Artist: Beatriz Olabarrieta
Exhibition title: Faces
Curated by: Marc Navarro
Venue: Fundació Joan Miró – Espai 13, Barcelona, Spain
Date: December 20, 2019 – March 14, 2020
Photography: Roberto Ruiz / images copyright and courtesy of the artist and Fundació Joan Miró
Beatriz Olabarrieta approaches communication as a discordant phenomenon, in which the voices don’t correspond to the narrative, and the writing doesn’t coincide with any language we recognize. In her proposals, the transmission strategy seems to respond to urgency and precipitation, rather than a communicative intent. The ineffectiveness of this elementary process leads us to scenarios in which the need to speak meets the impossibility of transmitting information efficiently, and language gives rise to the unexpected. When communication no longer transmits remarkable experiences, it becomes a suitable tool for constructing unprecedented experiences. In other words, when language is not limited to its representative function, it can produce anything.

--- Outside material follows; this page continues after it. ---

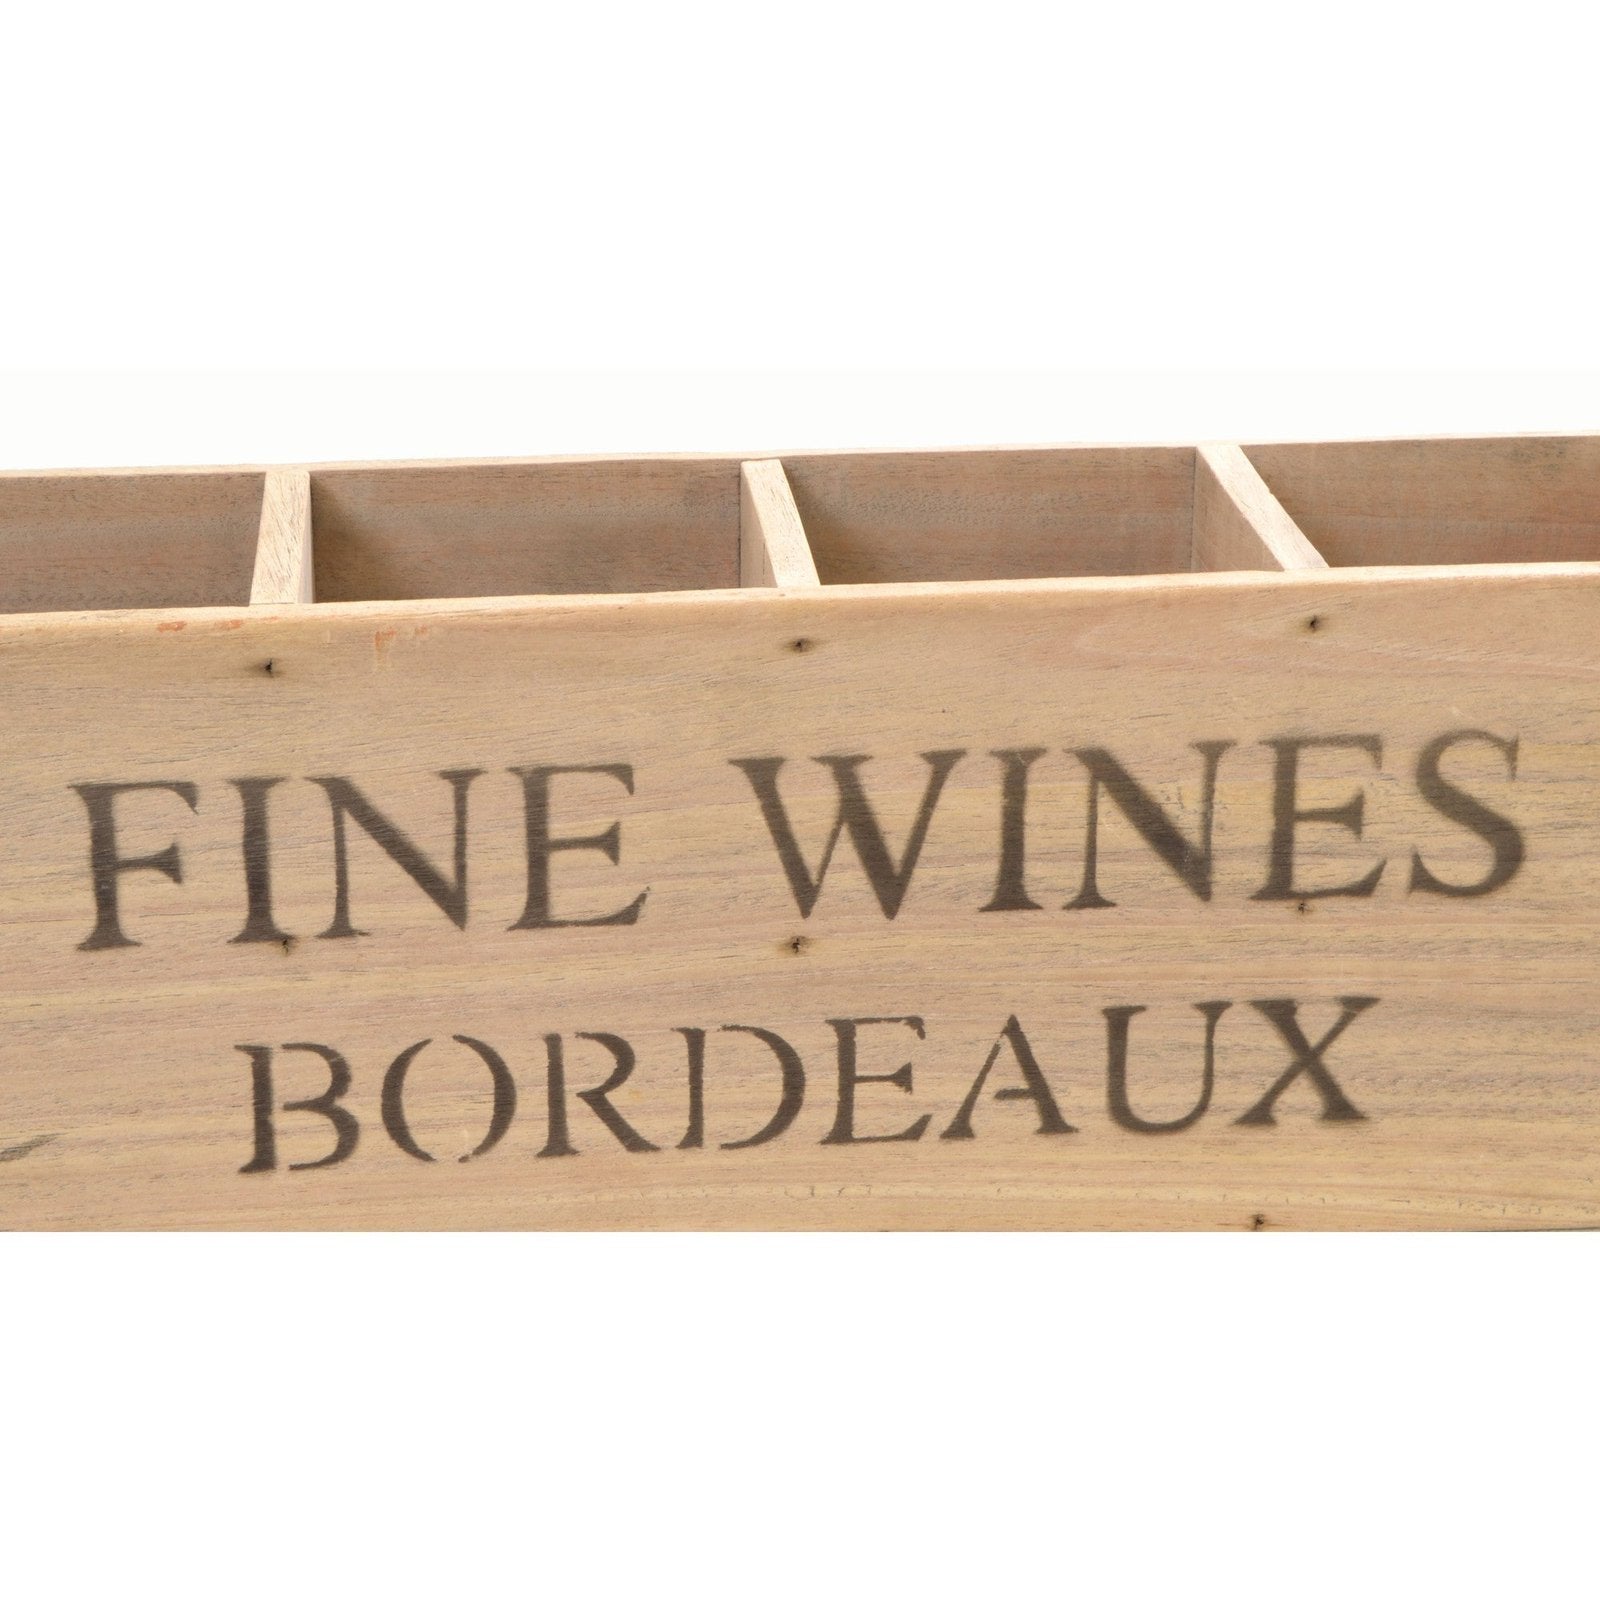 Vintage Bordeaux 4 Bottle Fine Wines Box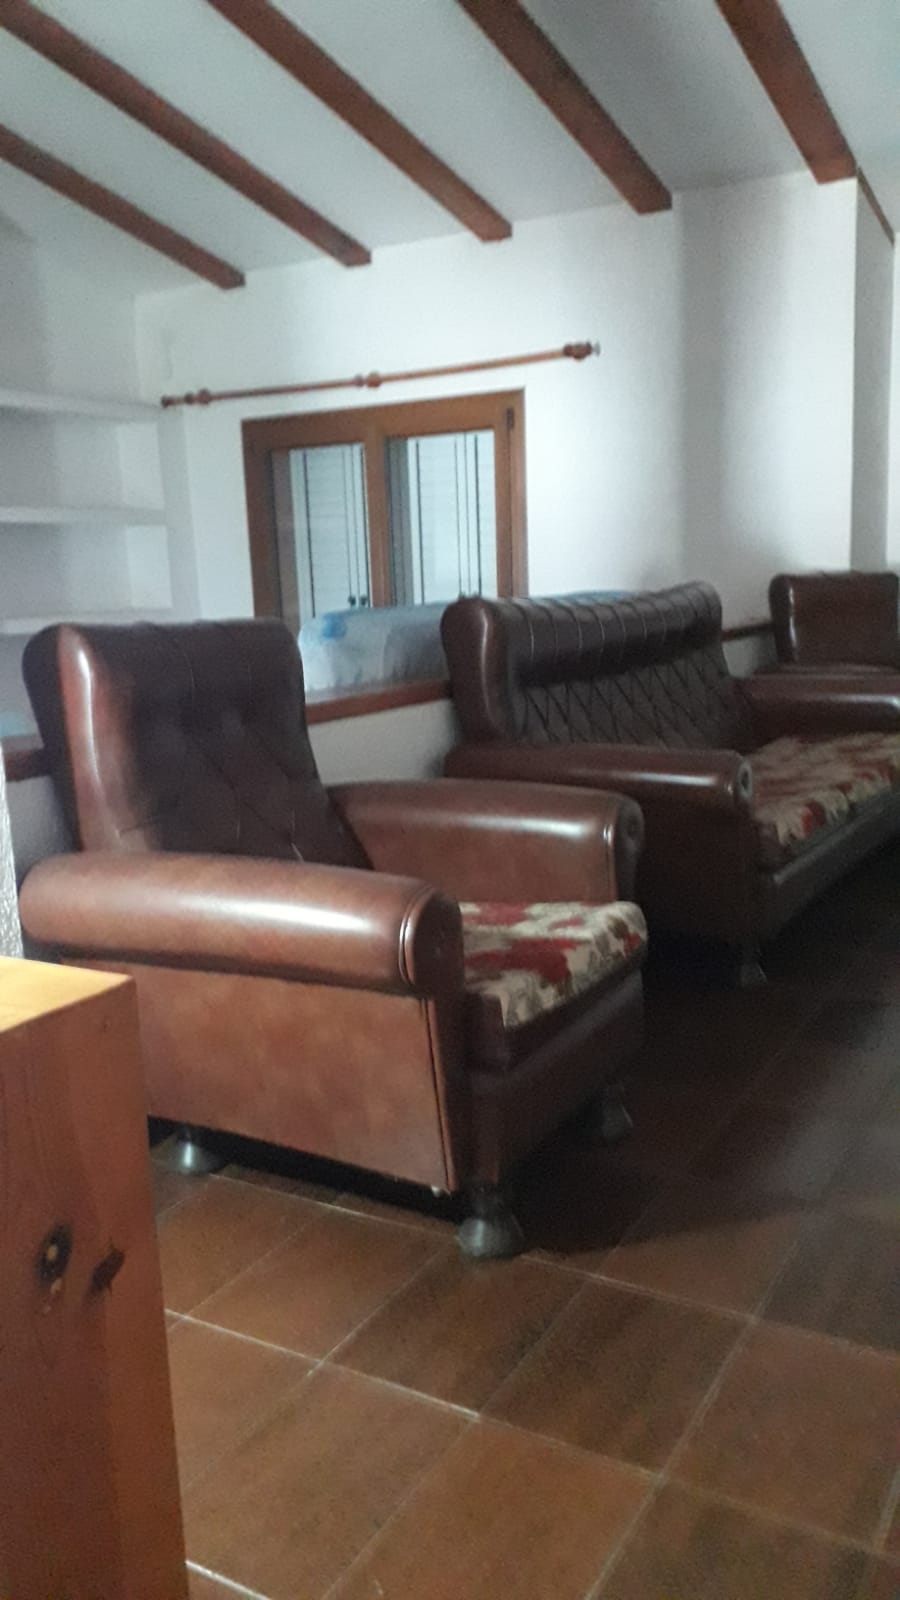 Servicio de vaciado de pisos y recogida de muebles en Renau - ¡Presupuestos sin compromiso!

The suspension of our habitual codes transforms written and verbal communication into a complex and arduous gestural exercise, an almost gymnastic effort. That is why translation takes on a choreographic condition in Olabarrieta’s proposals; translation is understood as a space of conciliation, which displays both a domination and a standardization at the same time. This series of protocols that leads us to shift meanings or generate new ones highlights the performativity of communication and invites us to question the poetic and political aspects of translation. In a context of mandatory negotiation between species, between machines and humans, or between artists and institutions, entering a dialogue implies a desire to adapt our vocabulary to parameters that foster familiarity and mutual understanding. It is an adaptation that affects our lexicon and, in its tone and form, our speech.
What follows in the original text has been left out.